In our work as radiologists we live this issue of problem misappropriation every day. We understand there is a world of difference between the simple question ‘what’s on this scan’ and the much more challenging ‘which of the multiple findings on this scan is relevant to my patient in the context of their clinical presentation and what does this mean for their care’. Thats why we call ourselves Clinical Radiologists, why we have MDT meetings. Again, what seems like a simple problem may be, in fact, hugely complex. To suggest (as some have) that certain professions will be rendered obsolete by AI is to utterly misunderstand those professions, and the nature of the problems their human practitioners apply themselves to.

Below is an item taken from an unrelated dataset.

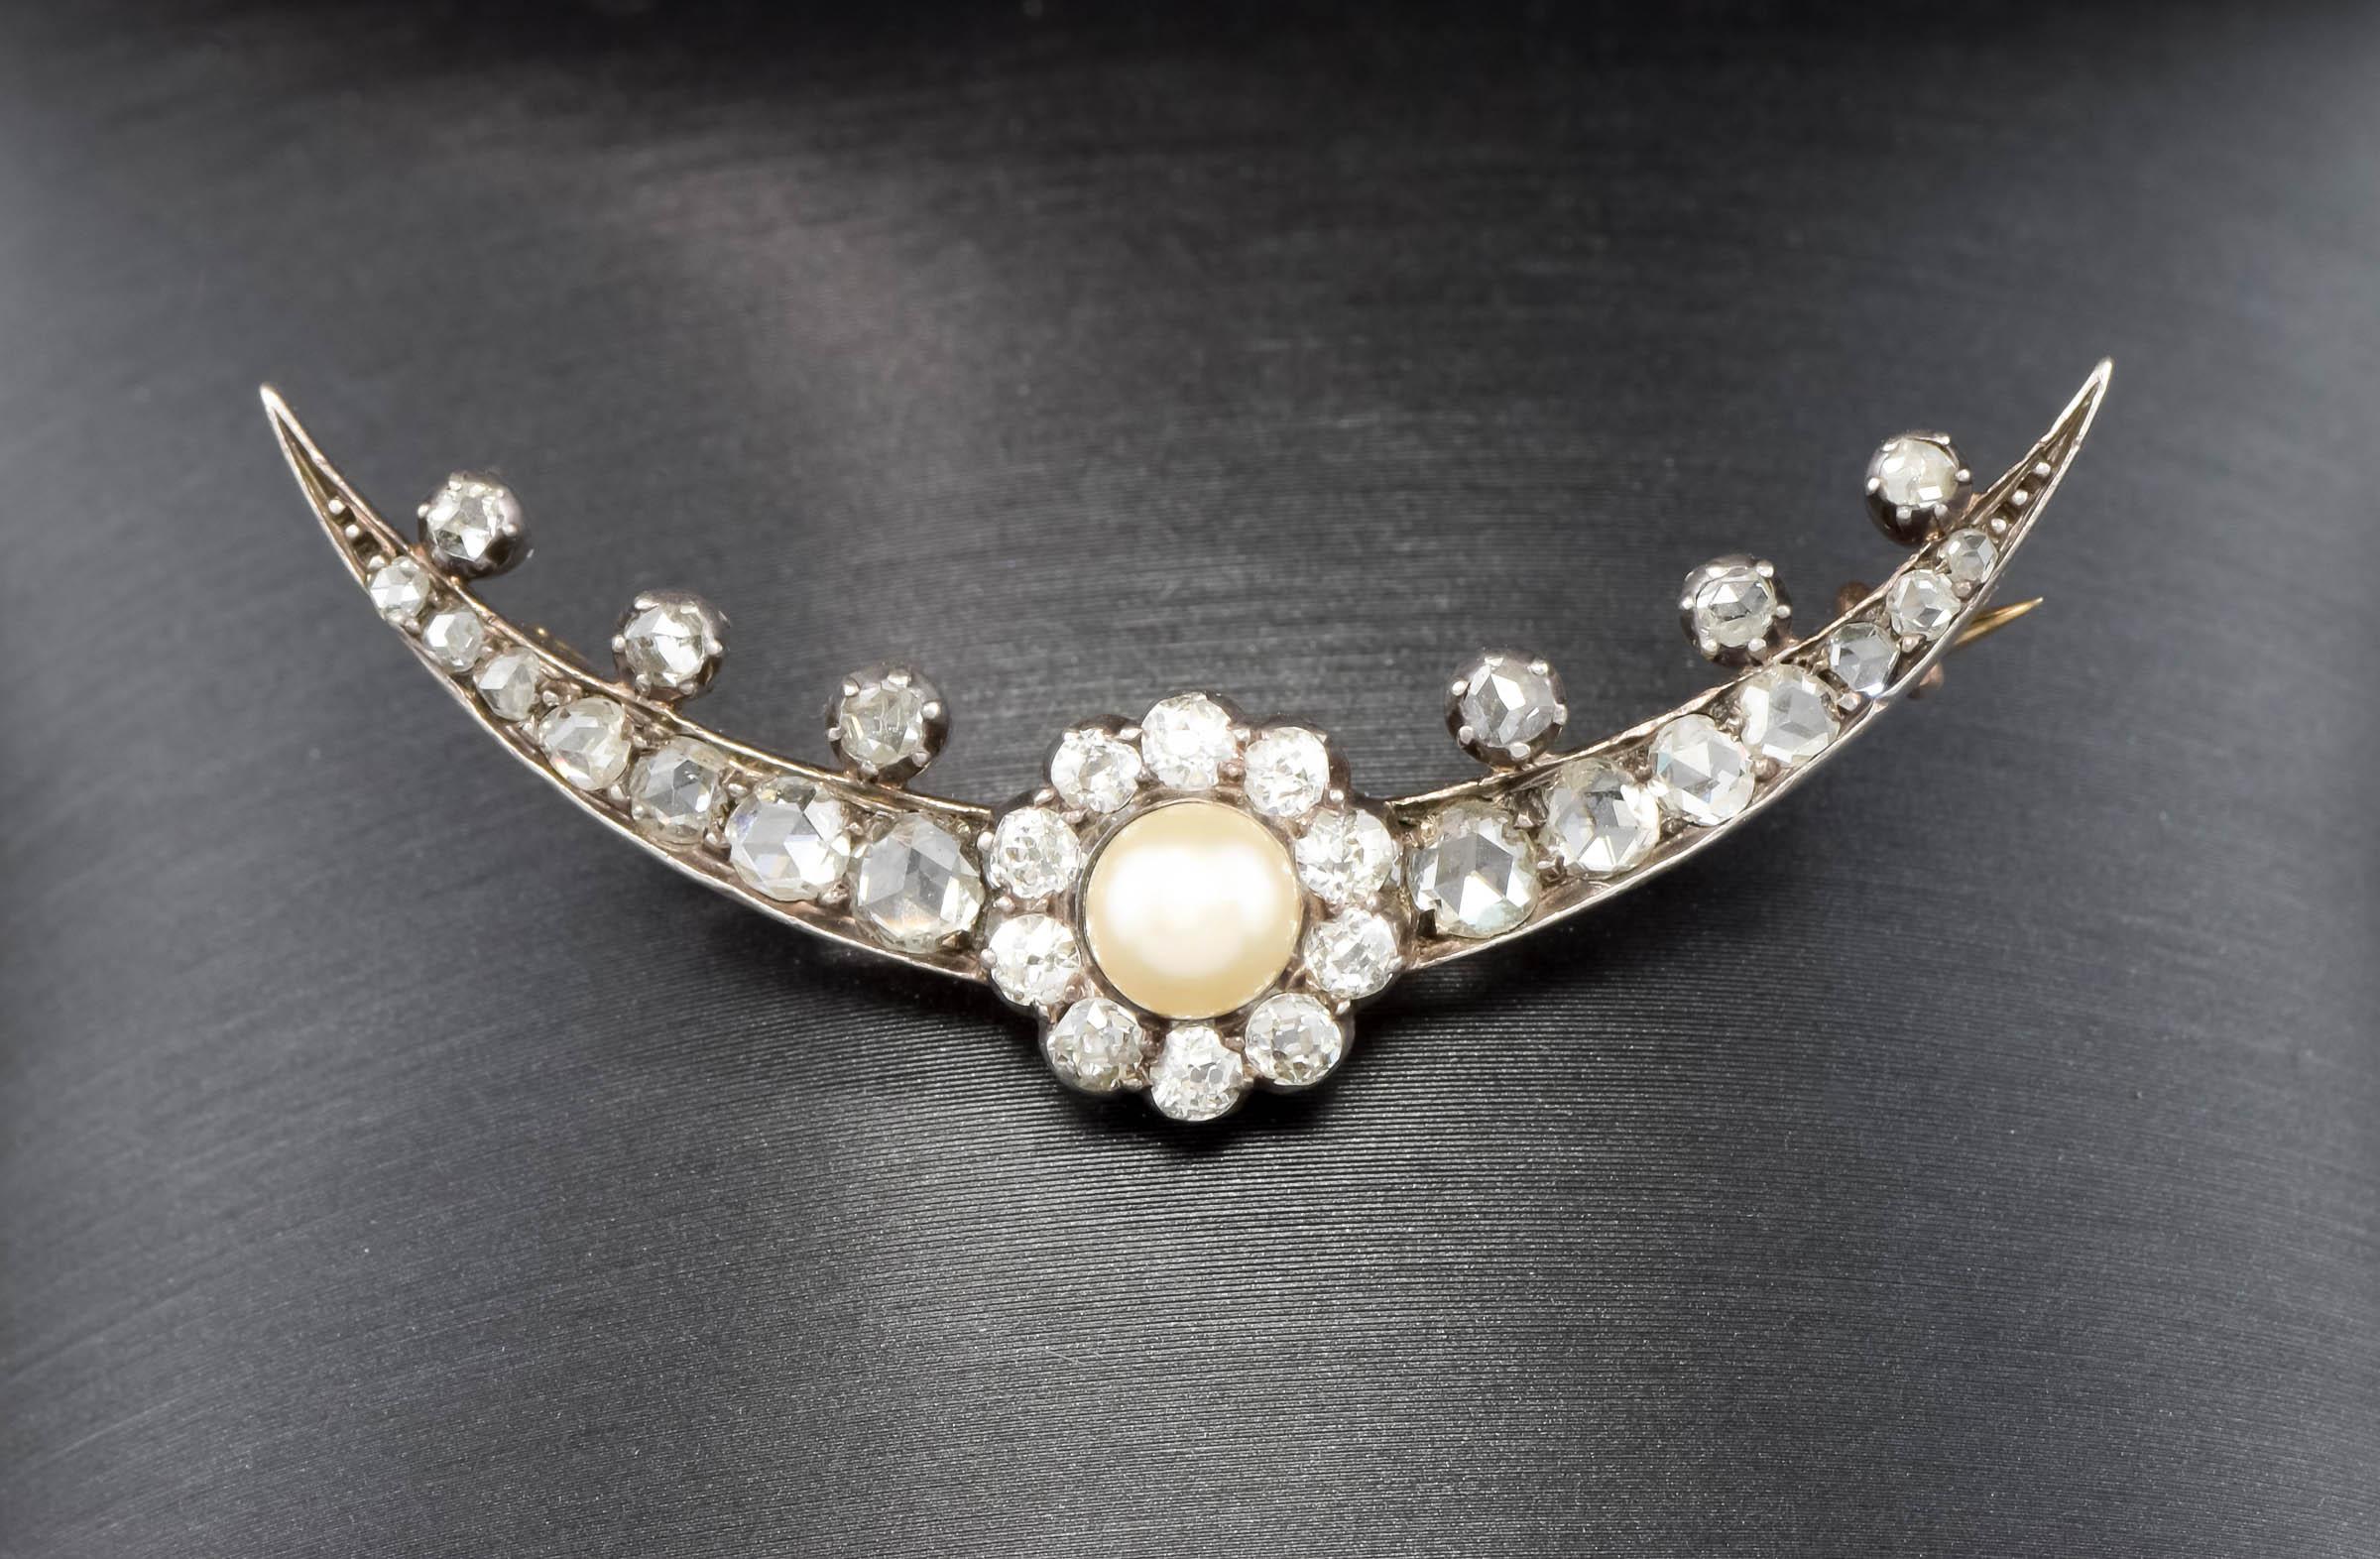 So elegant, this Celestial Diamond & Pearl Crescent Moon brooch has some of the prettiest and most sparkly diamonds.  It’s wonderful as a brooch but would also convert beautifully to a necklace or pendant, should you desire.

Crafted of gold testing

Why do we struggle to separate AI reality from hubristic overreach? Partly this is due to inevitable marketing and investor hype, but I also think the influence of literature and popular culture is has an important role. Manufactured sentient agents are a common fictional device: from Frankenstein’s Monster via Hal 9000 to the Cyberdyne T800 or Ash of modern Science Fiction. But we speak about actual AI using the same language as we do these fictional characters (and they are characters – that’s the point), imbuing it with anthropomorphic talents and motivations that are far divorced from today’s reality. We describe it as learning, as knowing, but we have no idea what this means. We are beguiled by its ability to mimic our language but don’t question the underlying thought. In short, we think of AI systems more like people than like a tool limited in purpose and role. To steal a quote, we forget that these systems know everything about what they know, and nothing about anything else (there it is again: ‘know’?). Because we can solve complex problems, we think AI can, and in the same way.

Here’s an example. In studies of AI image interpretation, neural networks ‘learn’ from a ‘training’ dataset. Is this training and learning in the way we understand it? 

Think about how you train a radiologist to interpret a chest radiograph. After embedding the the routine habit of demographic checking, you teach the principles of x-ray absorption in different tissues, then move on to helping them understand the silhouette sign and how the image findings fall inevitably, even beautifully, from the pathological processes present in the patient. It’s true that over time, with enough experience, a radiologist develops ‘gestalt’ or pattern recognition, meaning they don’t have to follow each of the steps to compose the  report, they just ‘know’. But occasionally gestalt fails and they need to fall back to first principles.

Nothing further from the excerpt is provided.